Expression of many neurotrophic factors such as NGF, BDNF, NT3, GDNF, bFGF, IGF-1 and TGF-beta is regulated by afferent neuronal activity and/or by neuronal injury. Strong induction of some of these genes can be observed in the hippocampus dentate gyrus in response to the glutamate analog kainate (Isackson, Current Opinions in Neurobiology 5:50-357 [1995]). Kainate treatment appears to increase the release of novel compounds from the hippocampus of alert rats, and this activity appears to be different from the actions of known neurotrophic factors (Humpel, et al., Science, 269:552-554 [1995]).

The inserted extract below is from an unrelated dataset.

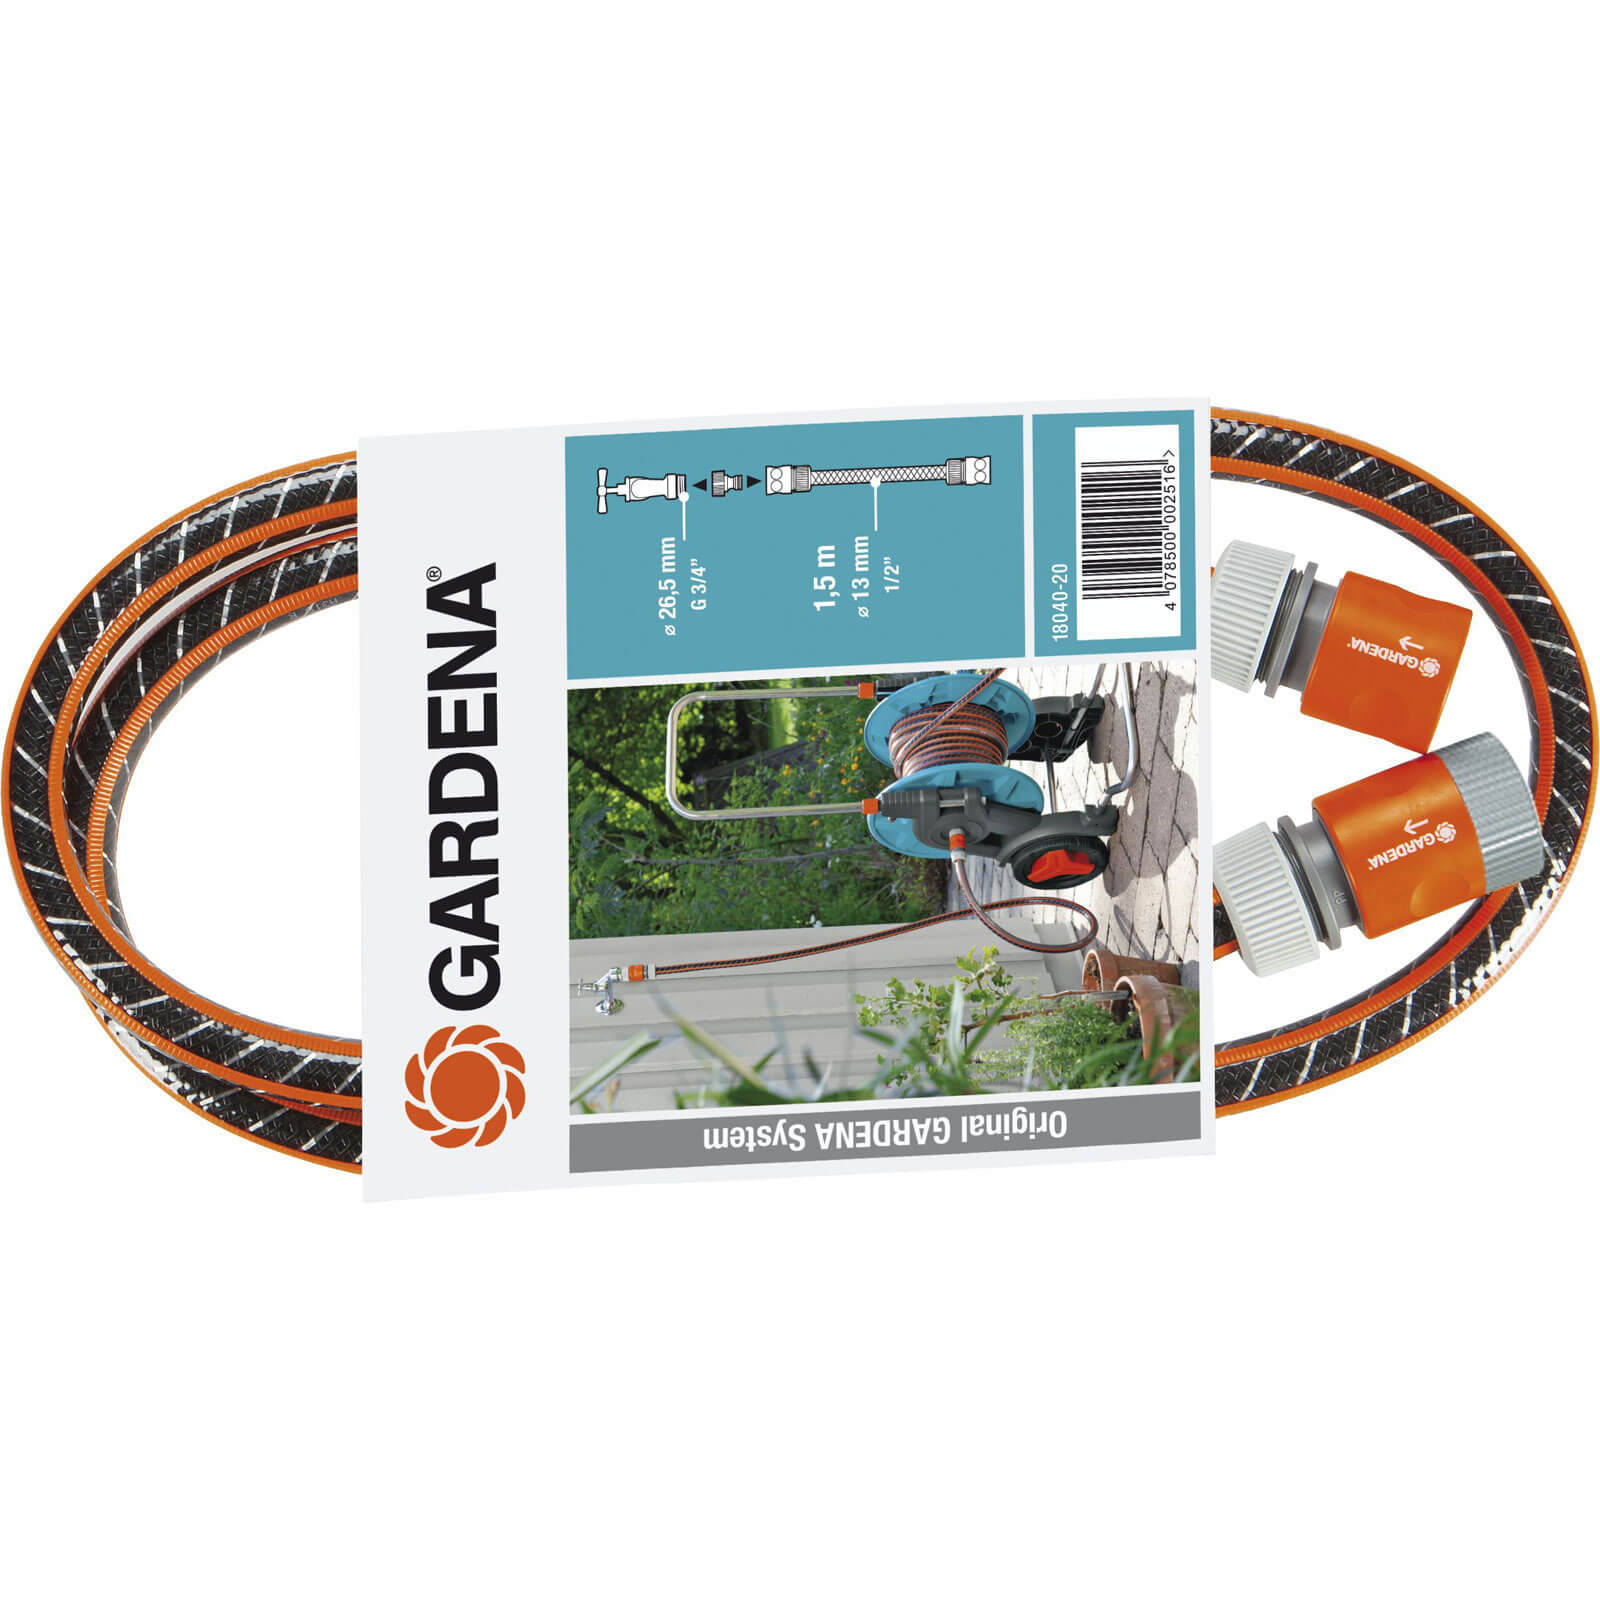 Image of Gardena Flex Hose Reel Connection Set 1/2" / 12.5mm 1.5m Grey & Orange

In view of the fact that many nervous system disorders and diseases have no known cure, there is a need in the art to identify novel compounds for treating neurological conditions and diseases such as Parkinson's disease, amyotrophic lateral sclerosis (ALS), Alzheimer's disease, stroke, and various degenerative disorders that affect vision.
Accordingly, it is an object of the present invention to provide novel compounds that may be useful in promoting neuron regeneration and restoring neural functions.
It is a further object of the invention to provide a method of treating neurological diseases such as those set forth herein.
These and other objects will be apparent to one of ordinary skill in the art from the present disclosure.